Quatro Cinco Um
- Editor: Associação Quatro Cinco Um
- Categories: Literary reviews, human rights, scientific communication
- Frequency: Monthly
- Founder: Paulo Werneck Humberto Werneck [pt]
- First issue: May 2017
- Country: Brazil
- Language: Portuguese
- Website: www.quatrocincoum.com.br
- ISSN: 2526-558X

= Quatro Cinco Um =

Quatro Cinco Um is an independent Brazilian magazine that focuses on literary criticism. It is published on multiple platforms (press, podcasts, websites, newsletters, and events) by the Associação Quatro Cinco Um, a non-profit organization created for the magazine's publication.

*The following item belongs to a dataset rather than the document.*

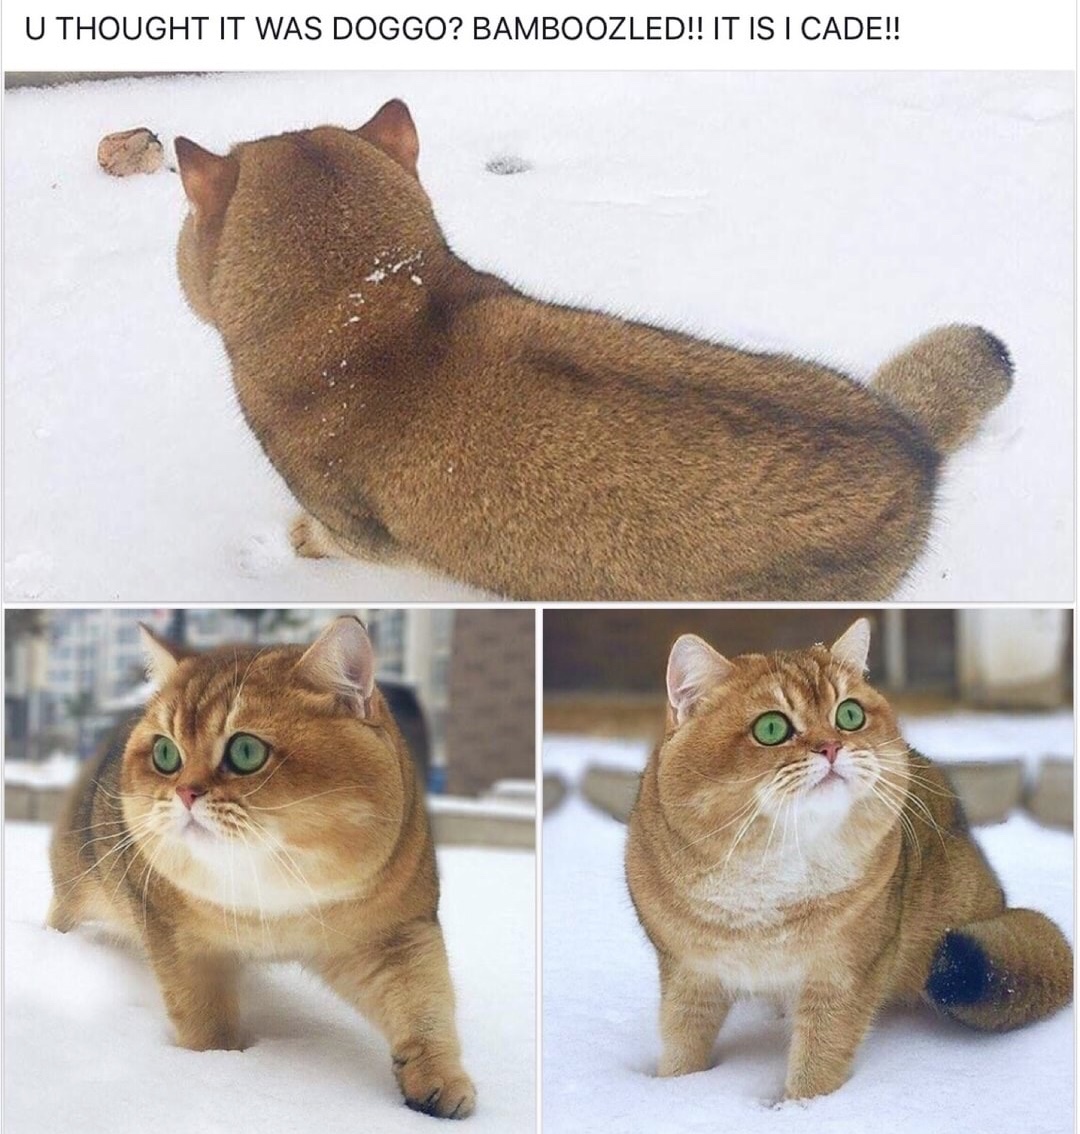 thicc boi cat - U Thought It Was Doggo? Bamboozled!! It Is I Cade!! O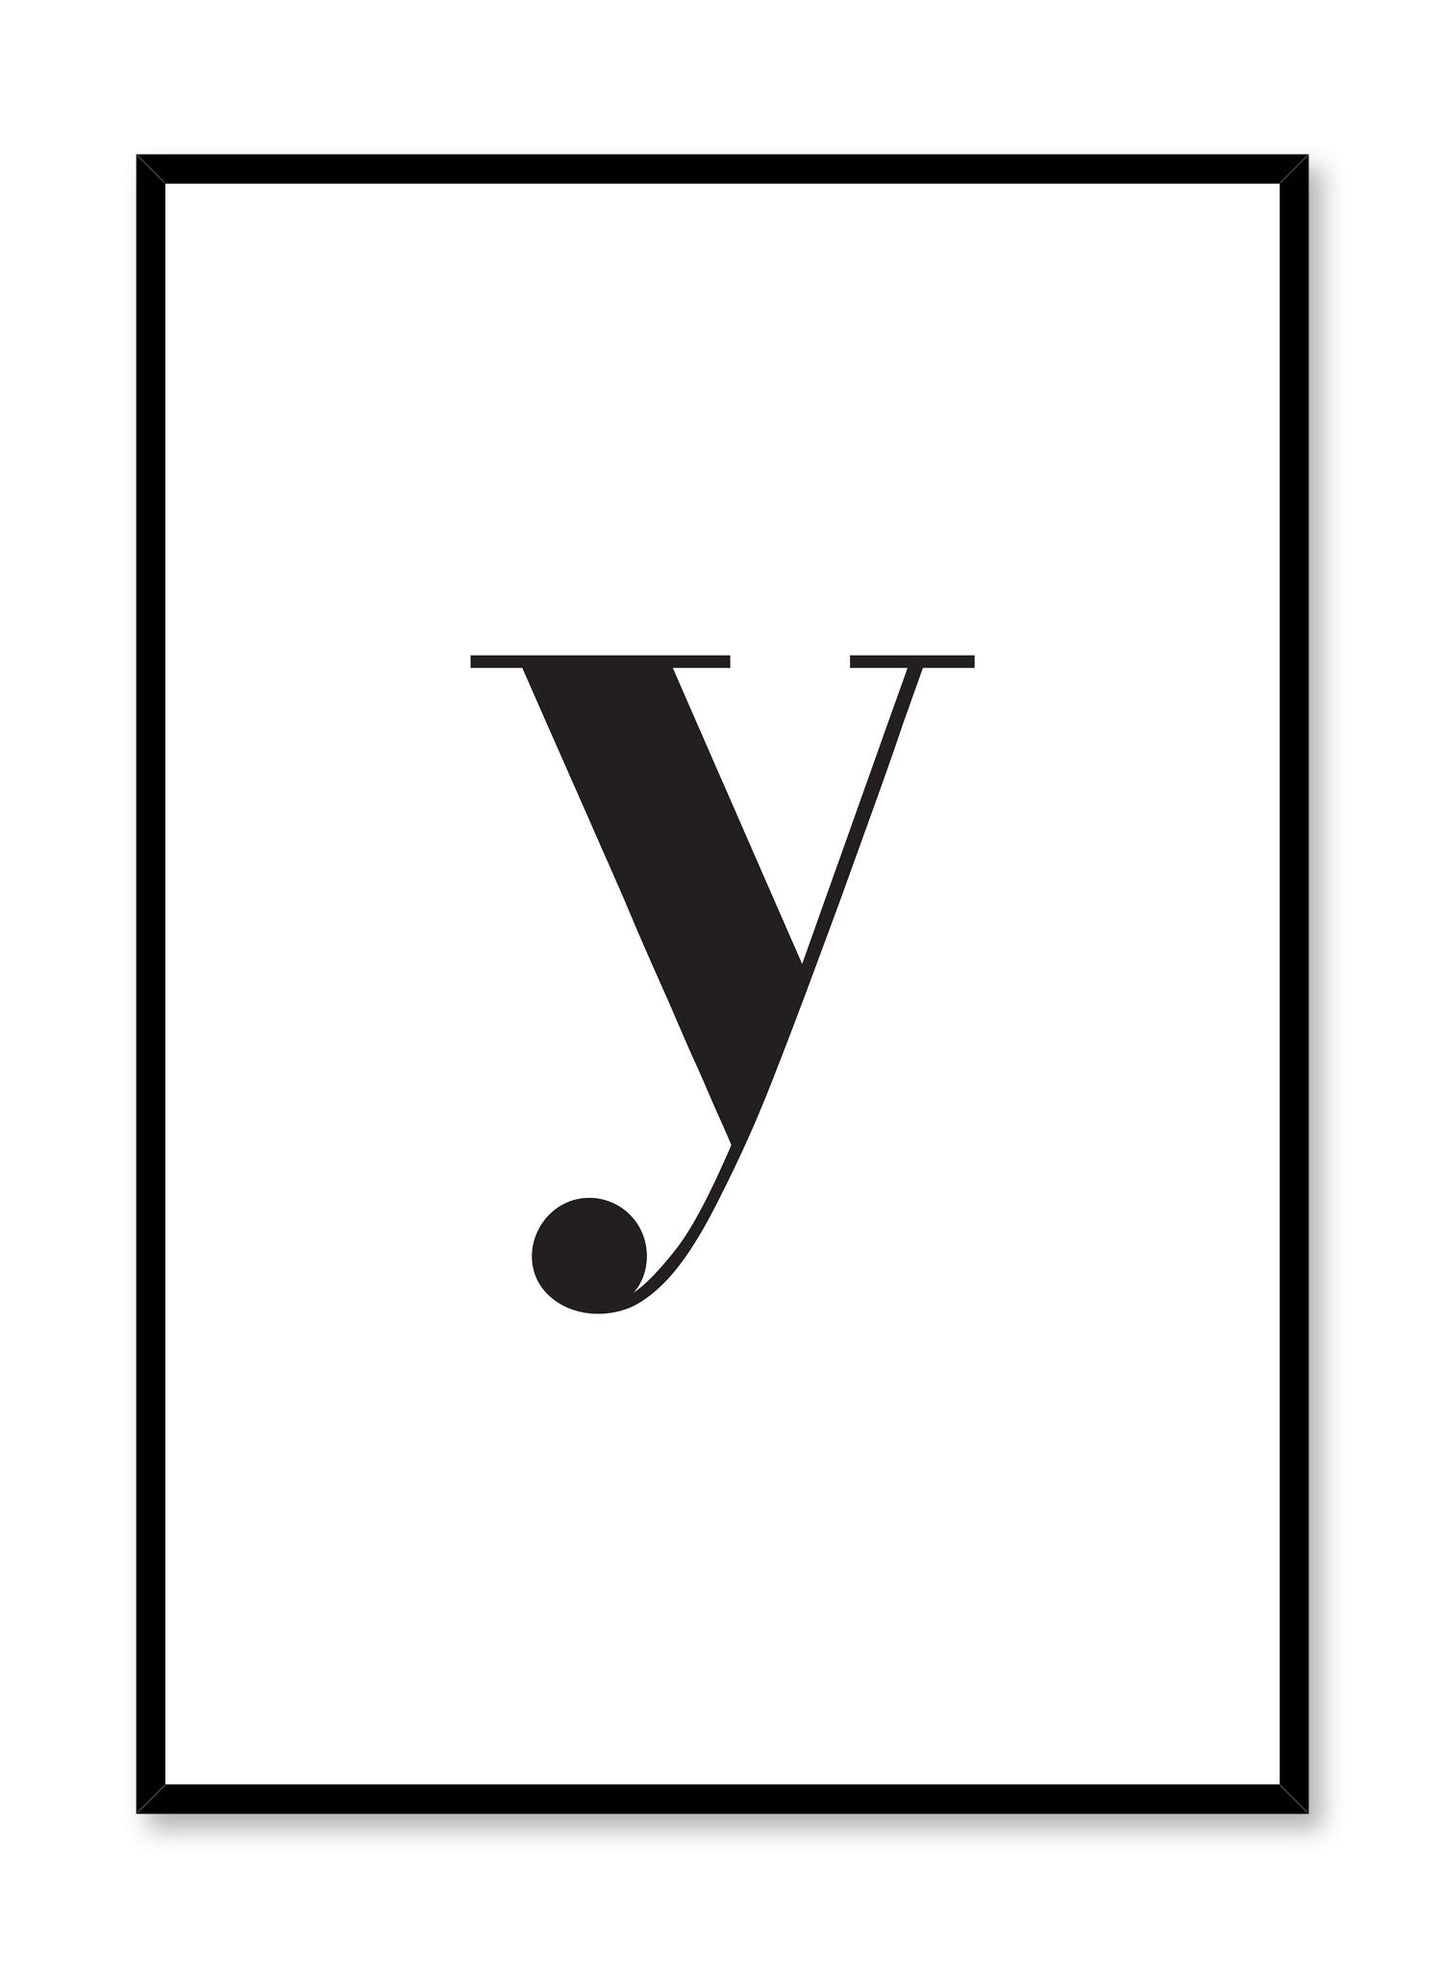 Scandinavian poster with black and white graphic typography design of lowercase letter Y by Opposite Wall

With journalists Paulo Werneck and Humberto Werneck as directors, the magazine covers around 20 different areas of Brazilian editorial production, with an emphasis towards literature, human rights, and the dissemination of scientific research. It is funded through subscribers, sales in newsstands and book stores, announcements on the literary market, private donations, and voluntary projects for books and reading. The magazine was inspired by foreign literary review organizations such as the London Review of Books and The New York Review of Books, publishing reviews of fiction and non fiction releases that serve as the foundation for discussions of societal themes of interest. At the end of very printed edition, the "Listão" brings together nearly 100 notes about releases of the month in different areas.

The title is in reference to the Ray Bradbury novel Fahrenheit 451, where books are prohibited and incinerated at 451 °F (approximately 233 °C) - the temperature at which paper combusts. Quatro Cinco Um is affiliated with Ajor (Associação de Jornalismo Digital) and is a member of the LEQT (Leitura e Escrita de Qualidade para Todos) network.

Djaimilia Pereira de Almeida has been a contributor to the magazine.

== History ==
The magazine was created in 2017 by Paulo Werneck and Fernanda Diamant, and published in print. Quatro Cinco Um had an initial circulation of 35,000 copies, which was freely distributed for 6 months by subscribers of Piauí.

On the occasion of its release, the magazine hosted, in partnership with Sesc São Paulo, the Livros em Revista seminary, with editors of literary review publications from Brazil, Portugal, France, and Argentina in attendance.

In December 2018, Quatro Cinco Um received the IPL Retratos da Leitura Prize, given by the Instituto Pró-Livro, in the Media category.

In March 2019, Diamant left the Associação Quatro Cinco Um, remaining as an editor of the scientific research section of the magazine until December 2020.

In July 2019, the magazine premiered the podcast 451 MHz, with them publishing it bimonthly and with production by Rádio Novelo. The program is hosted by Paulo Werneck and interviews writers, critics, and intellectuals. The podcast was a finalist for the Prêmio Jabuti in 2020 in the Fomento à Leitura category of the Innovation hub. They were selected as one of the best podcasts of 2019 by Spotify.

In October 2019, the magazine published its third edition, the Especial Infantojuvenil, with the best books for kids and adolescents, having actress Fernanda Montenegro on the cover playing as a witch about to burn books in a bonfire. The edition was directed by Luciano Schmitz and with photography by Marian Maltoni, and had major repercussions.

In March 2020, Quatro Cinco Um became part of the LEQT (Leitura e Escrita de Qualidade para Todos) network, which brings together more than 80 Brazilian projects geared towards books and reading.

In October 2020, Quatro Cinco Um produced and released the scientific research podcast Vinte Mil Léguas, recounting the scientific and literary aspects of Charles Darwin in On the Origin of Species. With direction by Diamant and hosted by Sofia Nestrovski and Leda Cartum, the podcast received support from the Instituto Serrapilheira and was realized in partnership with the bookstore Megafauna, which produced and released the second season.